For years, hundreds of thousands of worker ants have survived in a tiny nuclear bunker buried in Poland by eating the “corpses of the[ir] imprisoned nestmates.” Now, researchers have released the tiny beings back to their “mother nest” in an attempt to understand the insects’ complex evolutionary history.
Back in 2013, researchers had initially intended to count hibernating bats that lived in the same bunker, which measures 2.3 meters high and 3 meters by 1.2 meters wide (7.5 feet high and 9.8 by 4 feet wide). Scattered along the floor were several hundred thousand – if not a million – worker ants (Formica polyctena) trapped in a confined space with no light, no obvious source of food, and a year-round average temperature of no more than 10°C. Worker ants typically live in vast forested areas and require a queen to reproduce, but despite lacking access to the outside world, this “colony” of ants was thriving.
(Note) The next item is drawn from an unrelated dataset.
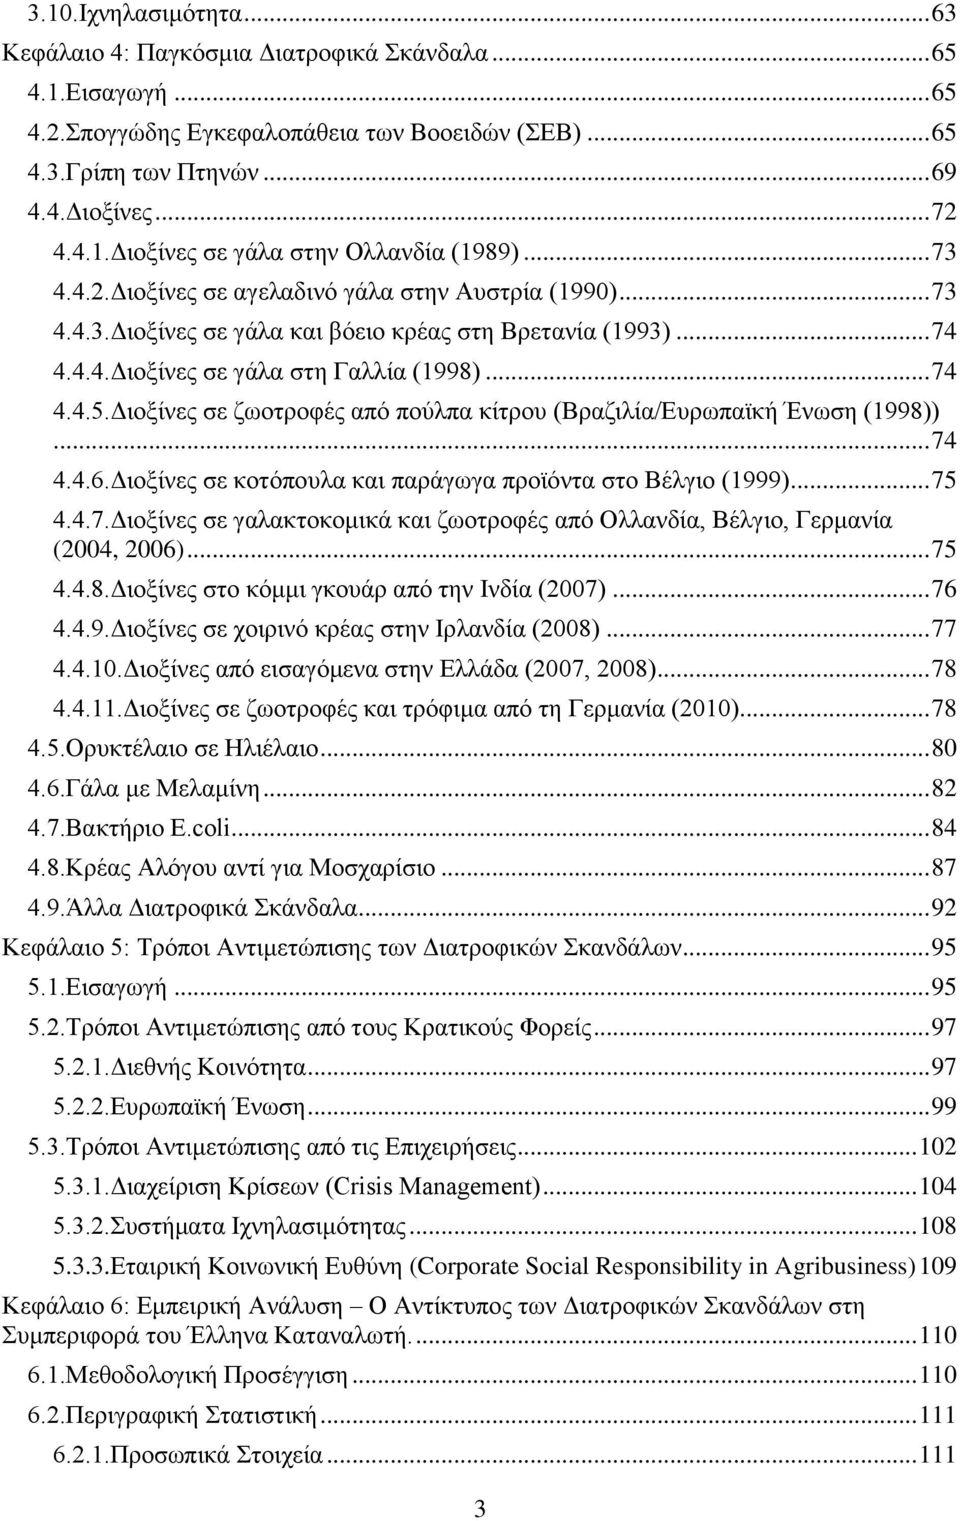 Διοξίνες σε ζωοτροφές από πούλπα κίτρου (Βραζιλία/Ευρωπαϊκή Ένωση (1998))... 74 4.4.6.Διοξίνες σε κοτόπουλα και παράγωγα προϊόντα στο Βέλγιο (1999)... 75 4.4.7.Διοξίνες σε γαλακτοκομικά και ζωοτροφές από Ολλανδία, Βέλγιο, Γερμανία (2004, 2006).

But how did they get here and, more importantly, how were they thriving?
Writing in the Journal of Hymenoptera Research, the researchers determined that the ants’ mother nest was located just above the bunker and individuals would fall through a vent in the ceiling. Without access to other food, live ants would eat the dead bodies of their comrades as they piled up along the floor of the bunker.

In nature, similar behavior has been observed in times of food scarcity. This concept of “ant wars” both sets territory boundaries between neighboring ant colonies and adds an extra bit of protein during shortages. But never has the behavior been observed in this type of setting.
"The present case adds a dimension to the great adaptive ability of ants to marginal habitats and suboptimal conditions, as the key to understanding their unquestionable eco-evolutionary success,” wrote the authors.
To confirm that the nest above belonged to the bunker ants, researchers took about 100 individuals and placed them along the outskirts of the mother nest. No aggressive behavior was observed, indicating that the ants were of the same colony.
“After our previous study, we started to contemplate on possible means to help the imprisoned ants to find their way out of the bunker. In practice, the only way to free the ants from the bunker would be to enable their spontaneous return migration to the maternal nest through the ventilation pipe,” wrote the authors, adding that they were helped by the “serendipitous observation” of a wooden board leaning against the wall.
In the Spring of 2016, researchers decided to free the captive ants. They took a 3-meter-long (9.8-foot-long) boardwalk found within the bunker and made a ramp that led from the floor up to the ceiling vent.
“Soon after the boardwalk had been installed, single ants started to inspect it,” noted the authors. Each ant made their way to the escape route and within six months, the bunker was nearly empty. Ants continue to fall through the ventilation pipe, but the ramp helps them return home after their inevitable fall. The “monumental” ability of wood ants to maintain self-organization and work together even when they’re no longer in contact with their mother nest suggests great adaptability in “marginal habitats and suboptimal conditions,” helping us to understand their “unquestionable eco-evolutionary success.”